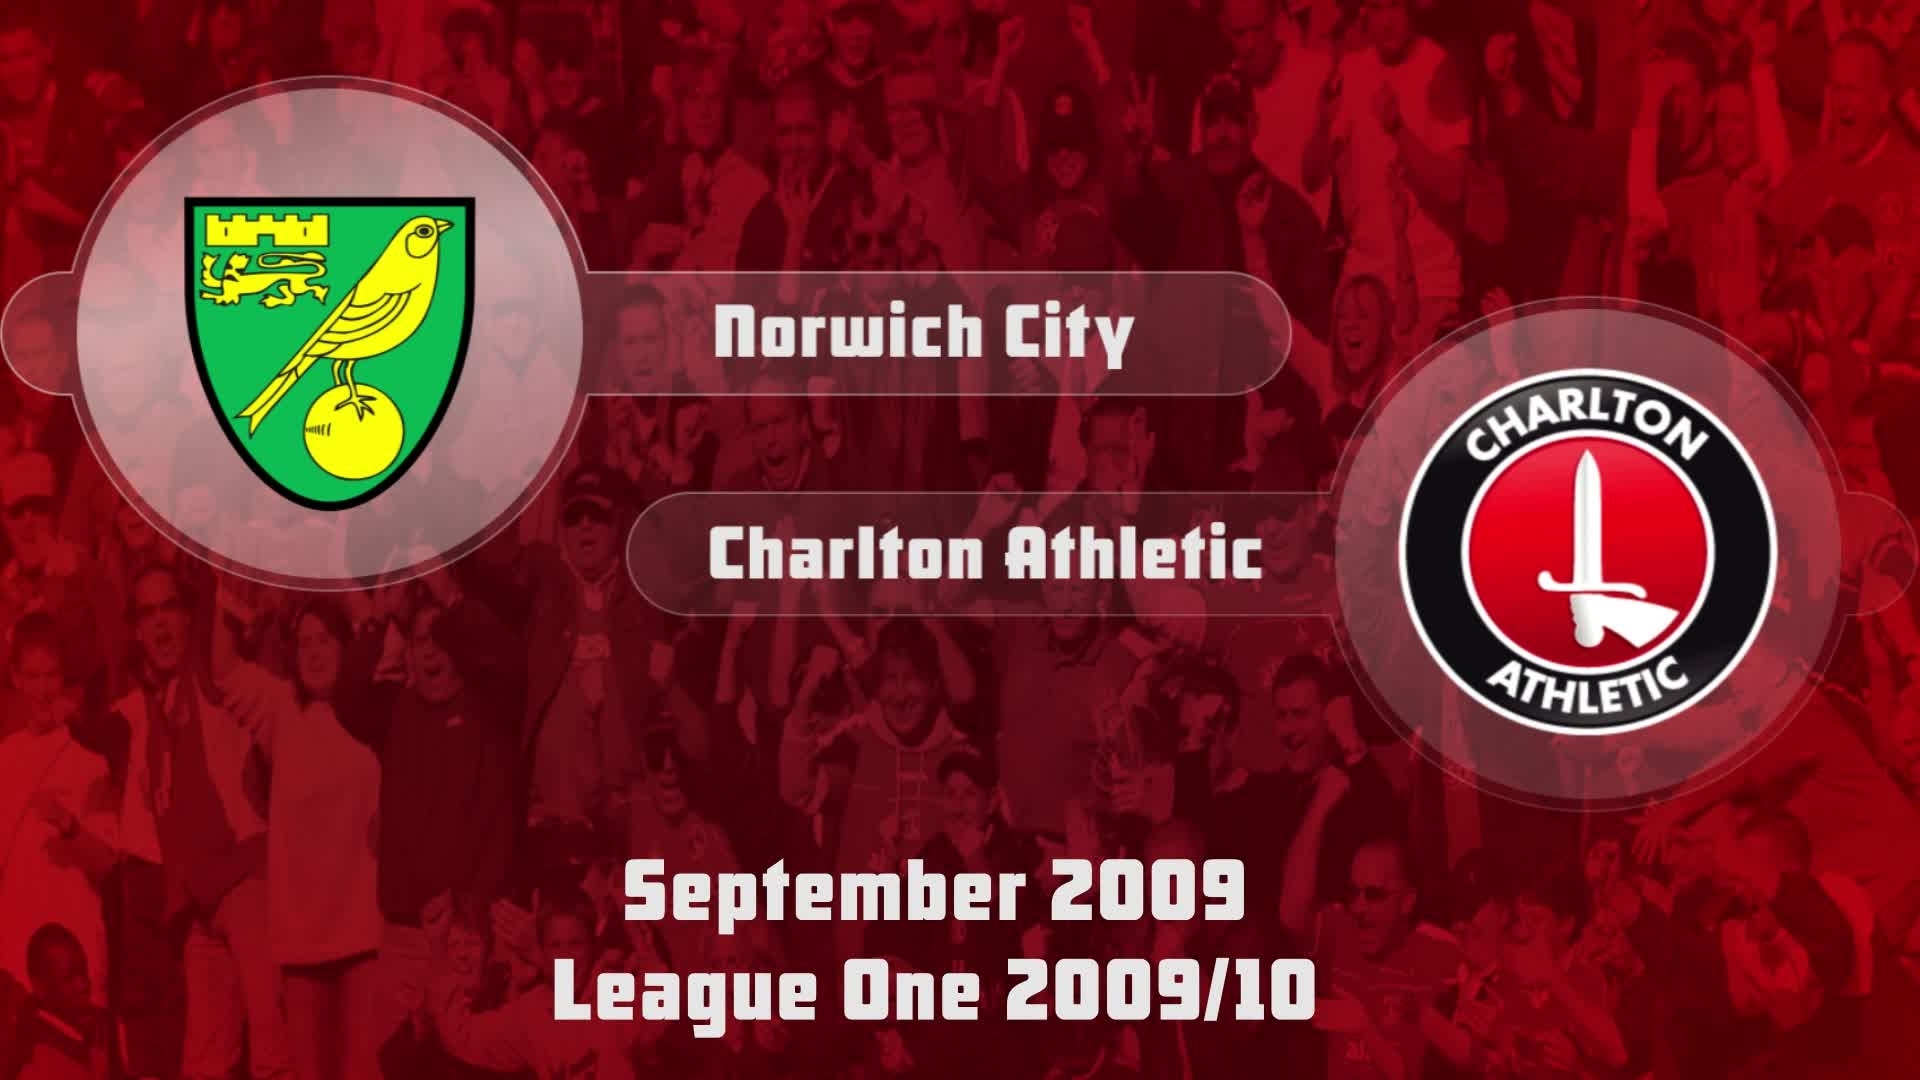 09 HIGHLIGHTS | Noriwch 2 Charlton 2 (Sept 2009)
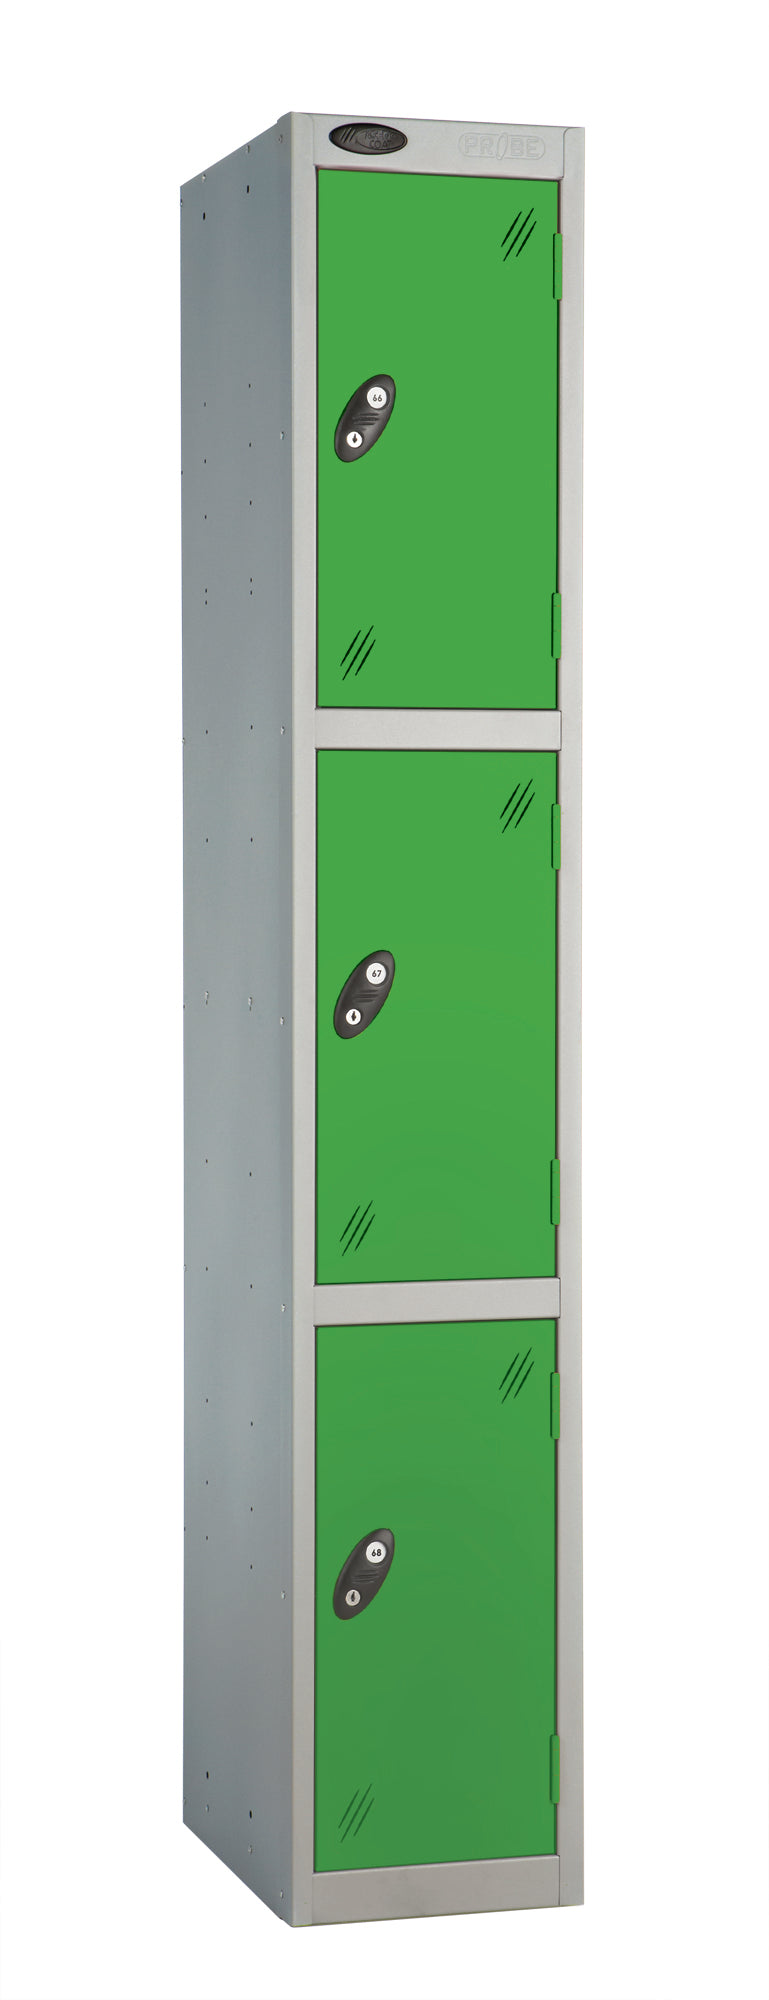 PROBEBOX STANDARD 1 NEST STEEL LOCKERS - FOREST GREEN 3 DOOR Storage Lockers > Lockers > Cabinets > Storage > Probe > One Stop For Safety   
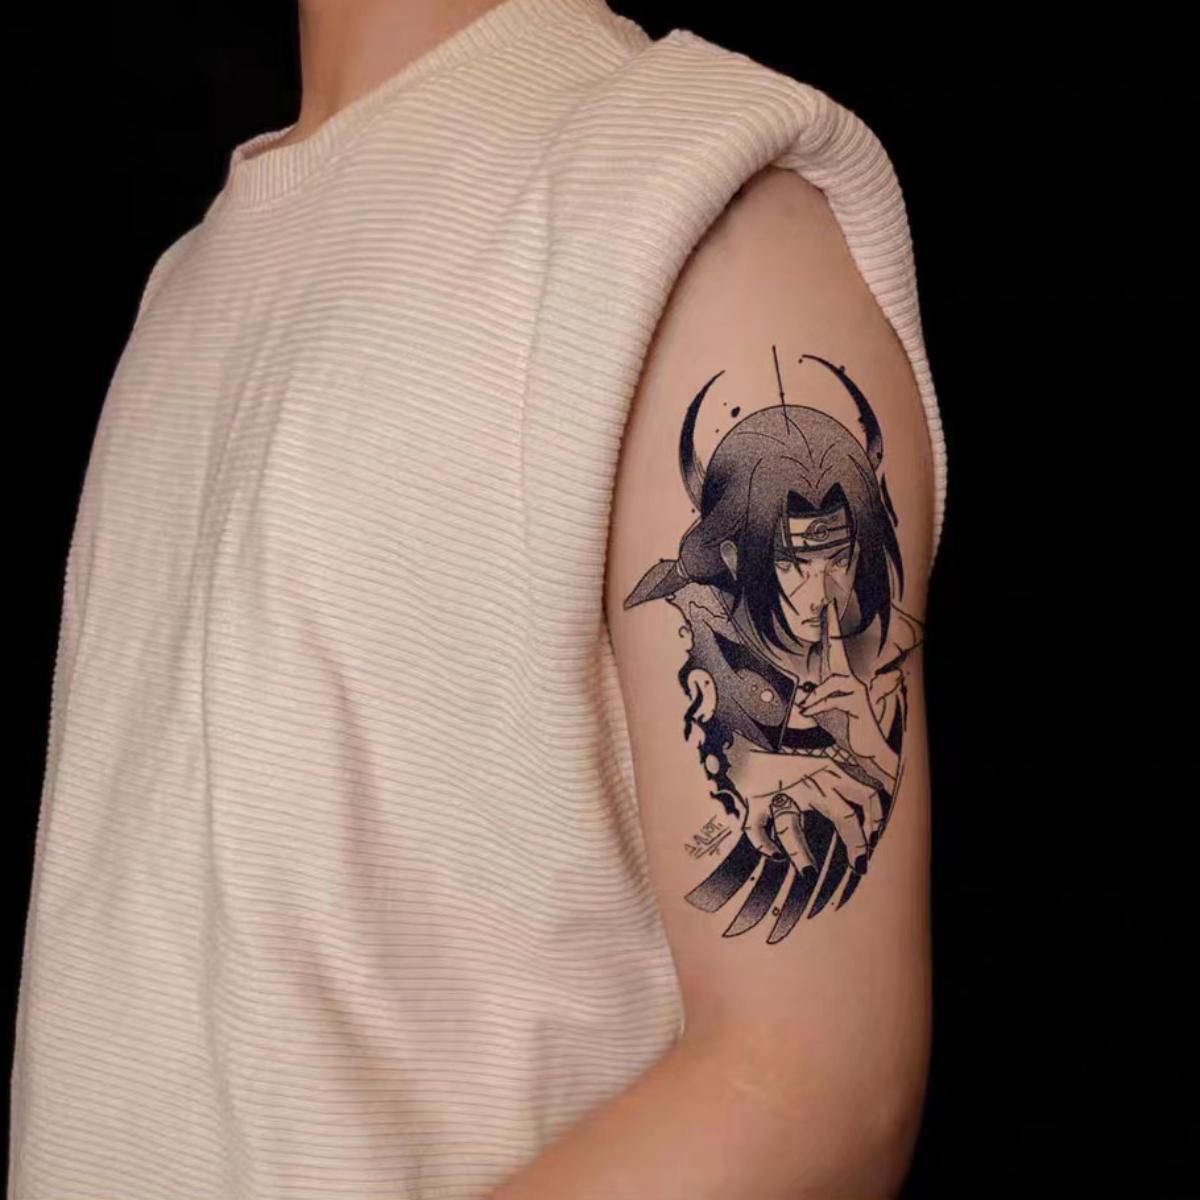 uchiha tribute tattoo by soul-baund on DeviantArt

EXERCISE: Give the data again word for word, without images.

RESPONSE BOX:
 09 HIGHLIGHTS | Noriwch 2 Charlton 2 (Sept 2009)
 PROBEBOX STANDARD 1 NEST STEEL LOCKERS - FOREST GREEN 3 DOOR Storage Lockers > Lockers > Cabinets > Storage > Probe > One Stop For Safety   
 uchiha tribute tattoo by soul-baund on DeviantArt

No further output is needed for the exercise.